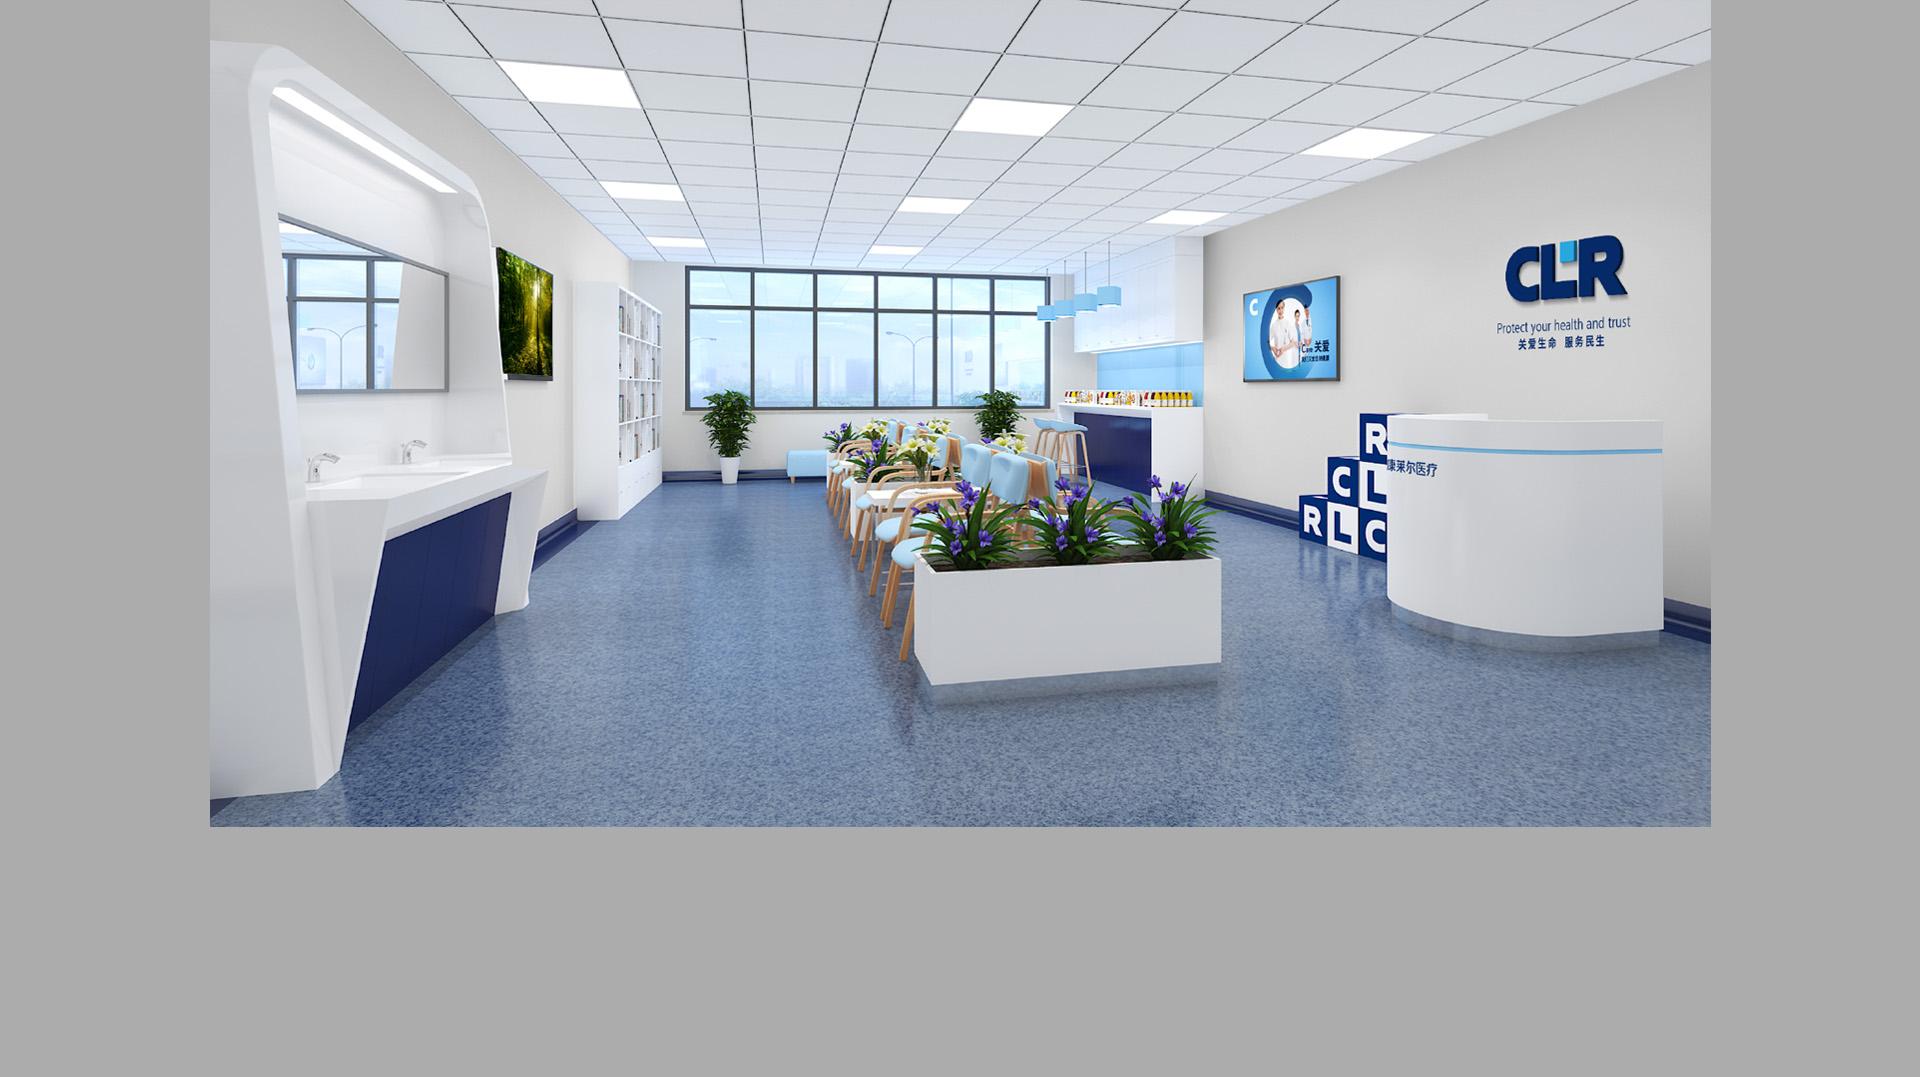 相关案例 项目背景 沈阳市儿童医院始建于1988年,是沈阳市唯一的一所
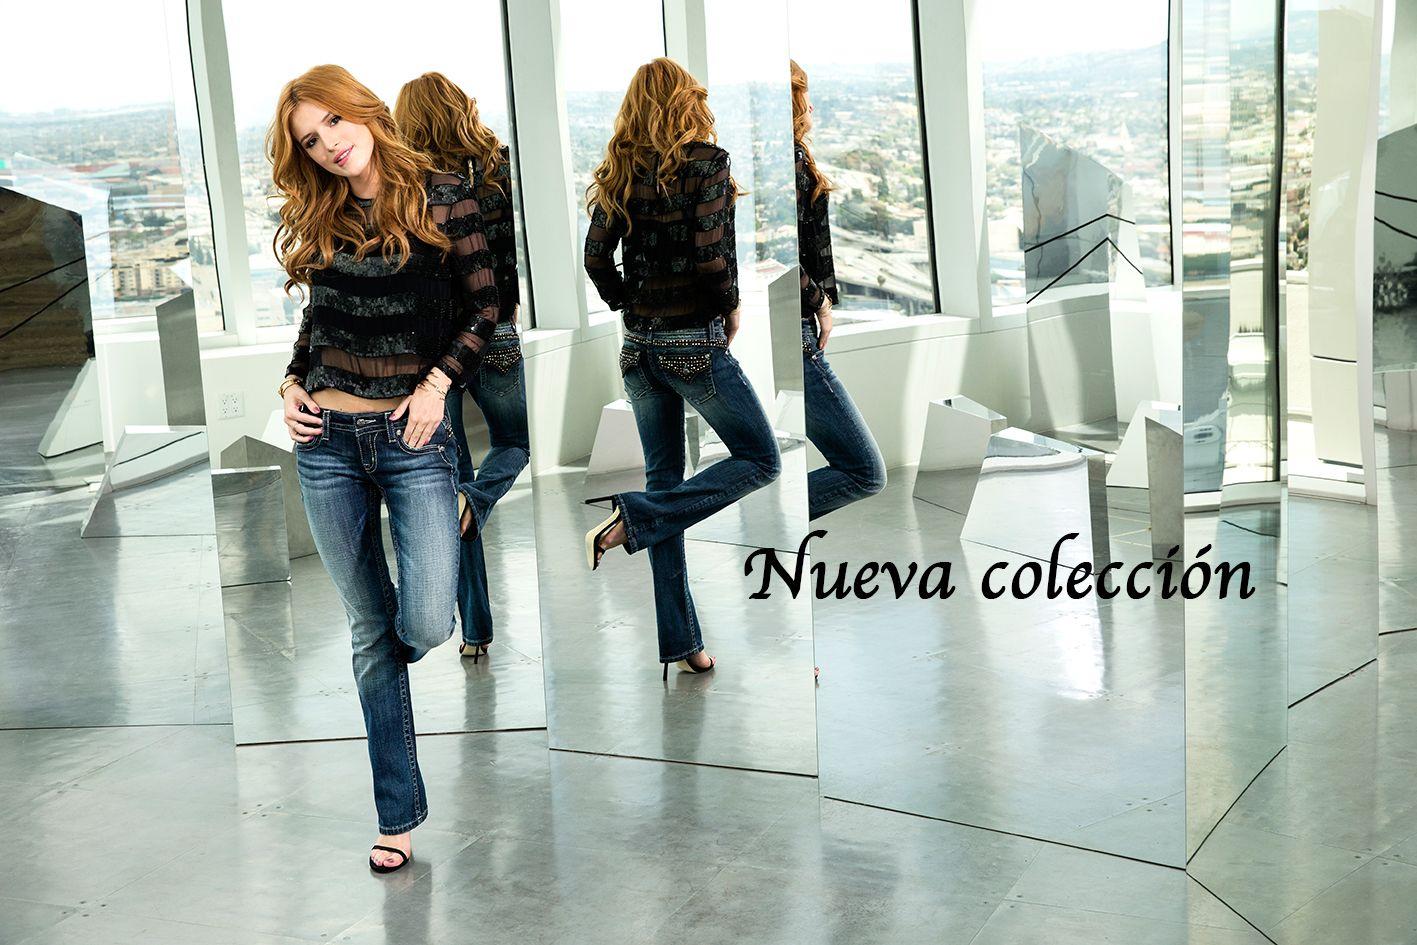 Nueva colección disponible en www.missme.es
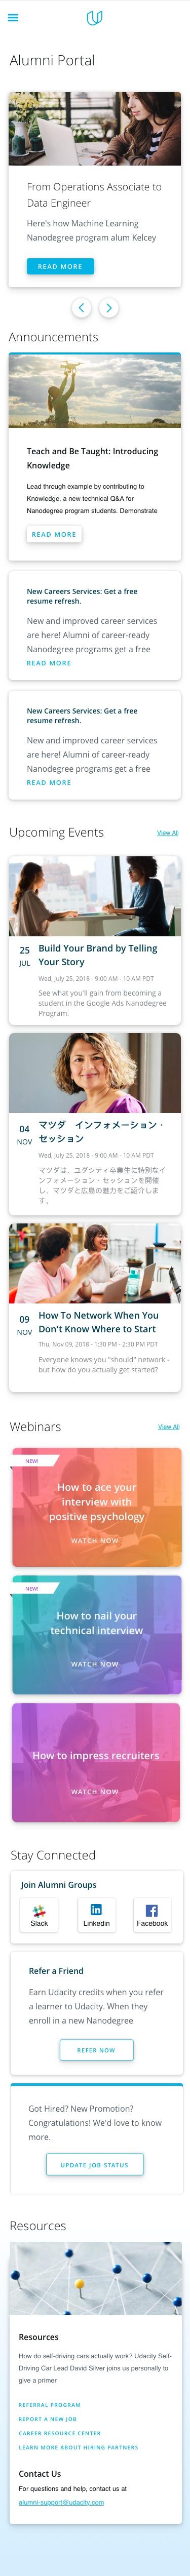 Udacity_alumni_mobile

+--

TASK TO COMPLETE: What this calls for is a word-for-word copy of the listing above, pictures excluded.

RESPONSE BELOW:
 相关案例 项目背景 沈阳市儿童医院始建于1988年,是沈阳市唯一的一所
 Nueva colección disponible en www.missme.es
 Udacity_alumni_mobile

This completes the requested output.